Лаццаро встал с ковра, на котором он стоял на коленях.
— Хвала и слава тебе, мудрый и могущественный шейх, — воскликнул он и оставил комнату совета в башне Мудрецов.
Несколько минут он простоял в раздумье на улице, стало совсем темно, он должен был действовать в этот же вечер, завтра могло быть уже слишком поздно. Слова Мансура лучше всего доказали ему, что опасность была для него велика.
Лаццаро посоветовался сам с собой, и спустя некоторое время он, казалось, уже придумал план действий, это доказывали его дьявольская улыбка и дикий блеск его страшных глаз.
— Пусть будет так, — пробормотал он про себя, — главное в том, что я должен только в крайнем случае прихватить ее с собой — меня ужасает Черный гном. Что бы ни произошло, я боюсь Сирры! Больше всего мне хотелось бы на этот раз видеть ее мертвой и настолько мертвой, чтобы она больше не воскресла. Я думаю, лучше всего применить огонь, этот опыт нравится мне.

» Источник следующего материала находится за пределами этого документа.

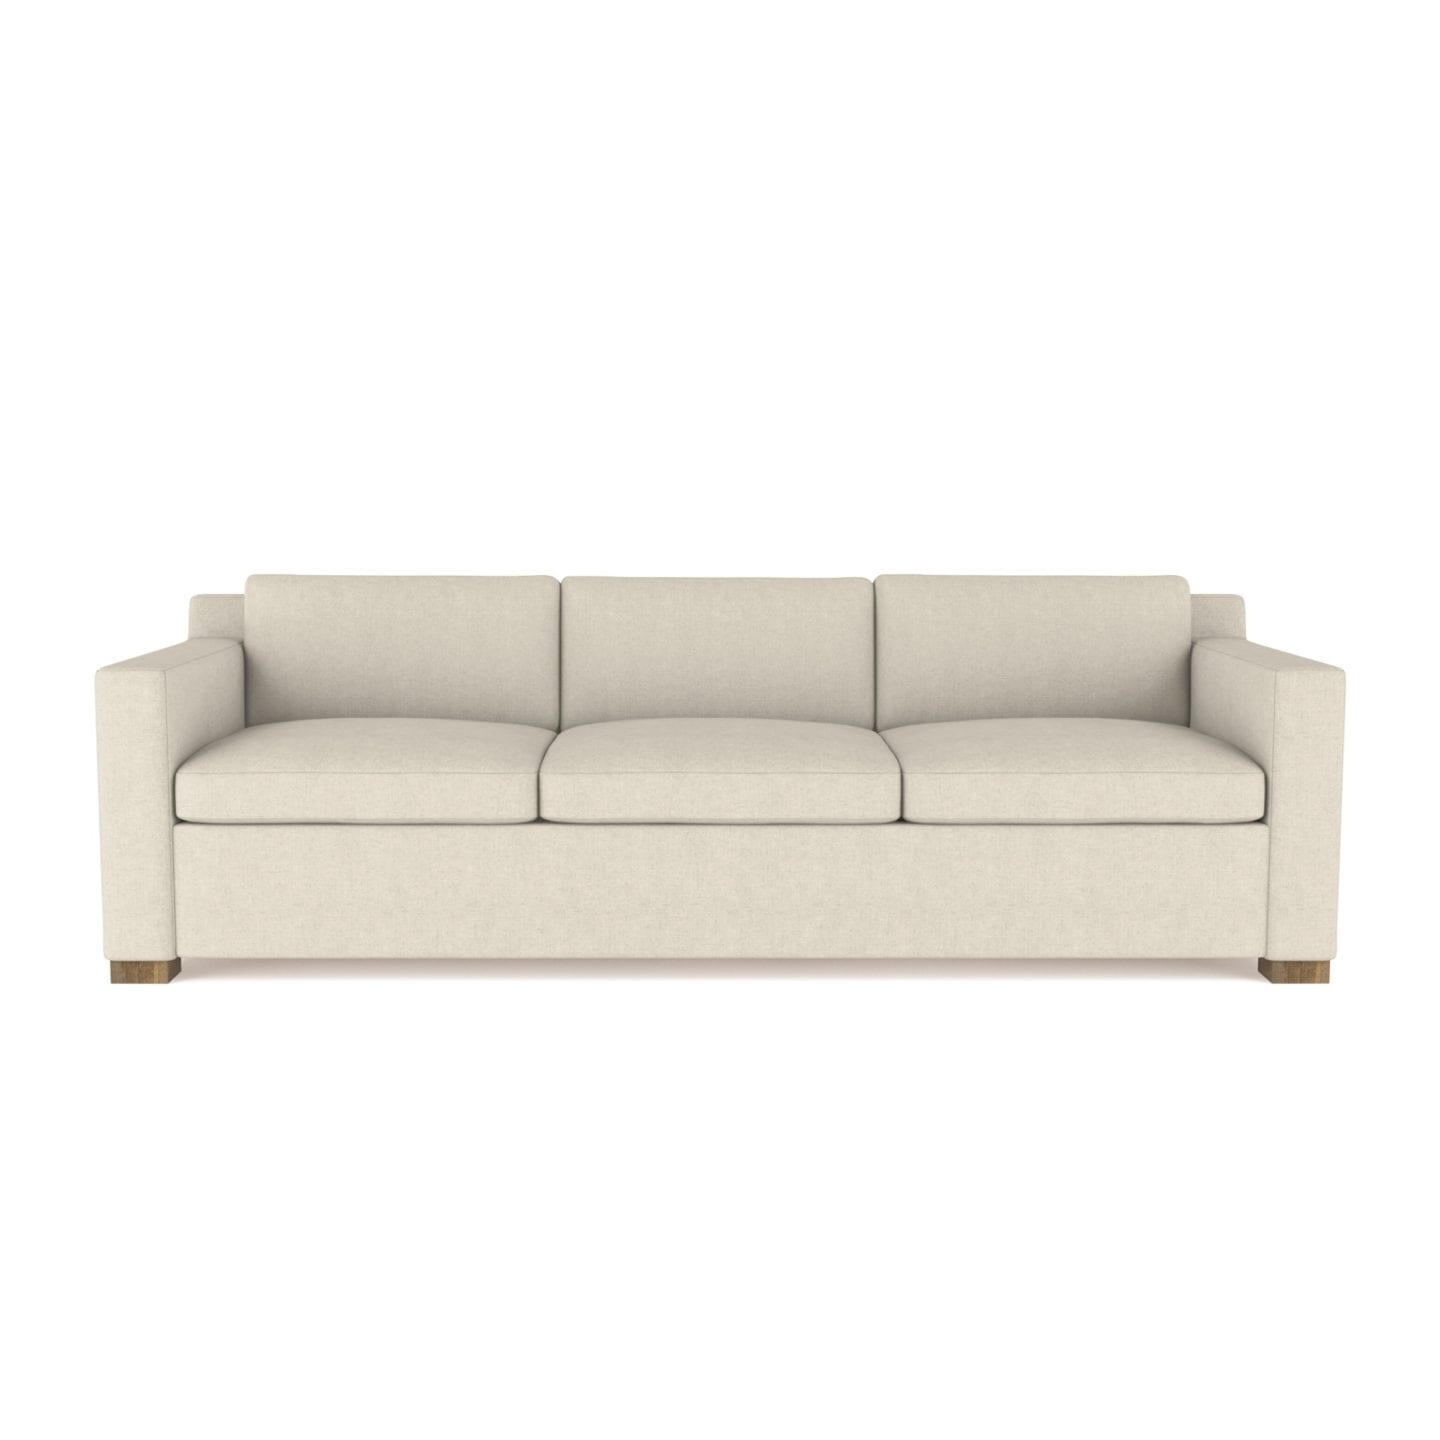 White transitional style sofa. 
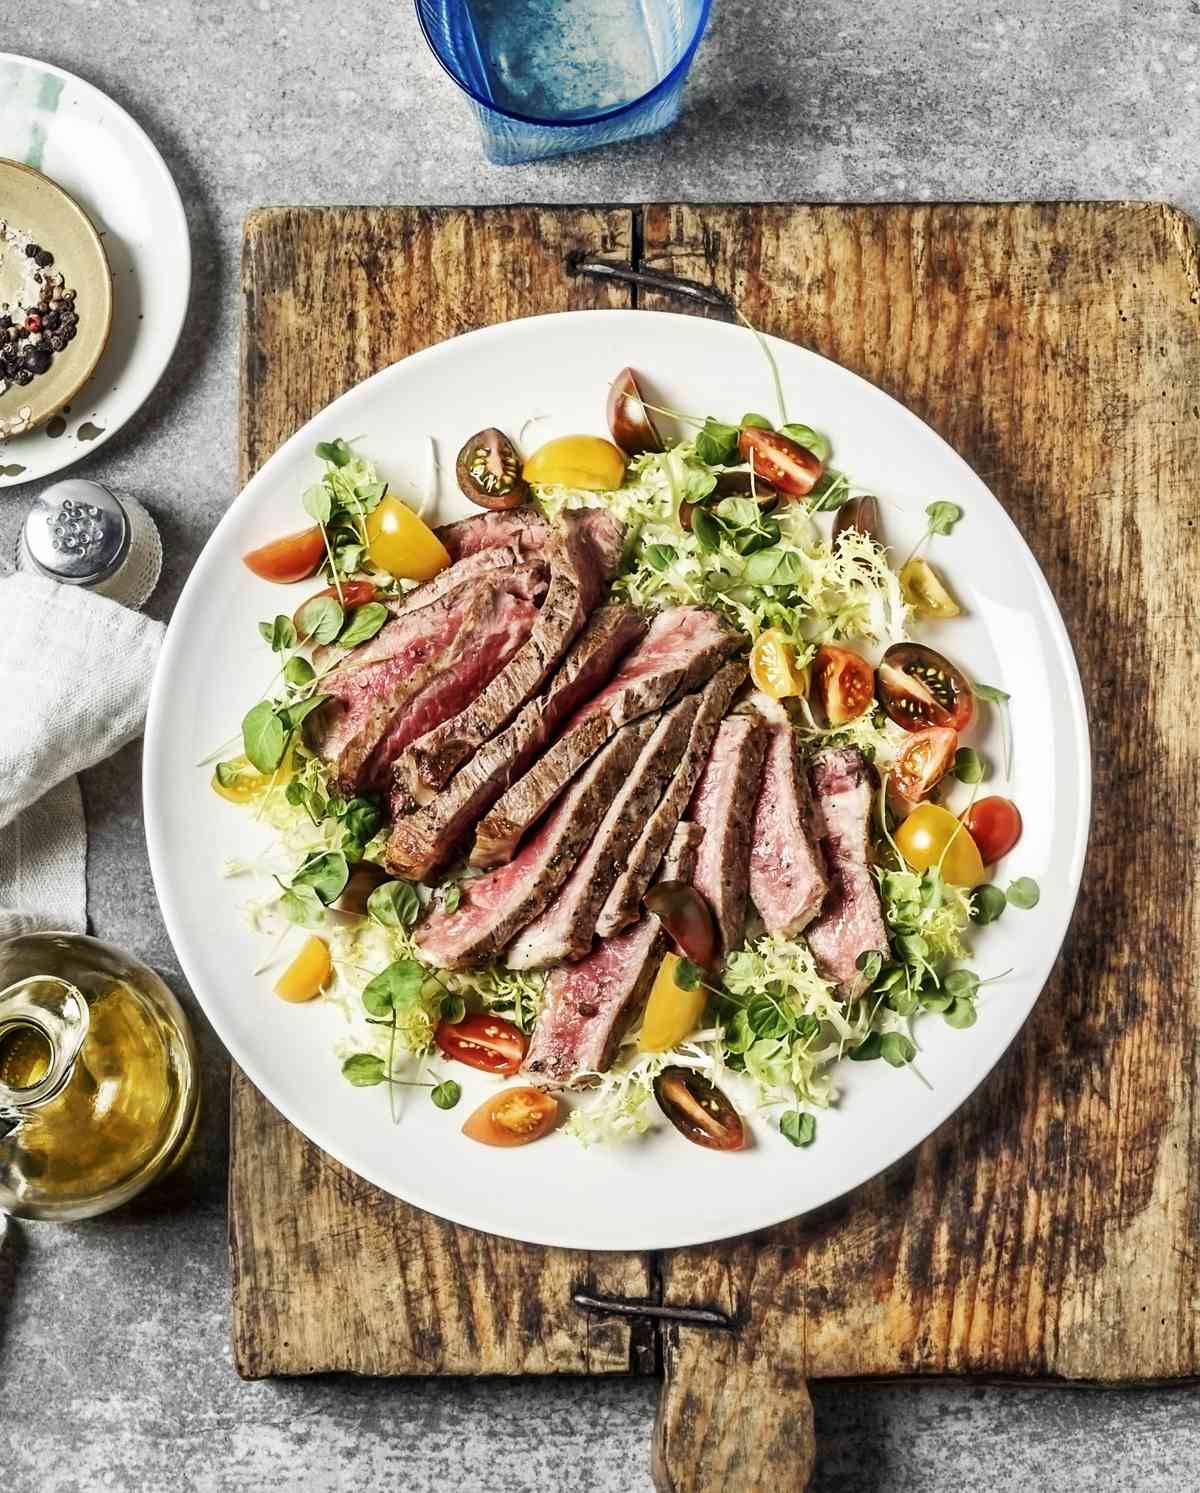 Steak with fresh salad

Лаццаро оставил развалины Кадри и направился к предместью Скутари. Затем он отправился во мраке к дому, где жила старая Ганнифа, прежняя служанка прекрасной Реции, дочери Альманзора.
В доме было тихо и темно, когда Лаццаро подошел к нему.
Казалось, старая служанка уже легла спать.
Он постучал внизу, и вслед за тем кто-то вышел на маленький, наподобие балкона, выступ дома.
— Кто там внизу? — спросил женский голос.
— Потише! У меня есть для тебя известие.
— Известие для меня? Посмотрим. От кого же?
— Не ты ли старая служанка Ганнифа?
— Это я. А ты кто?
— Я принес тебе важное известие.
— Говори же, что бы это могло быть.
— Знаешь ли ты Сирру?
— Дочь старой толковательницы снов?
— Чудо в доме софта!
— Знаю ли я Сирру? Конечно!
— Ты должна велеть Сирре в эту ночь отправиться к воротам Скутари, Г аннифа.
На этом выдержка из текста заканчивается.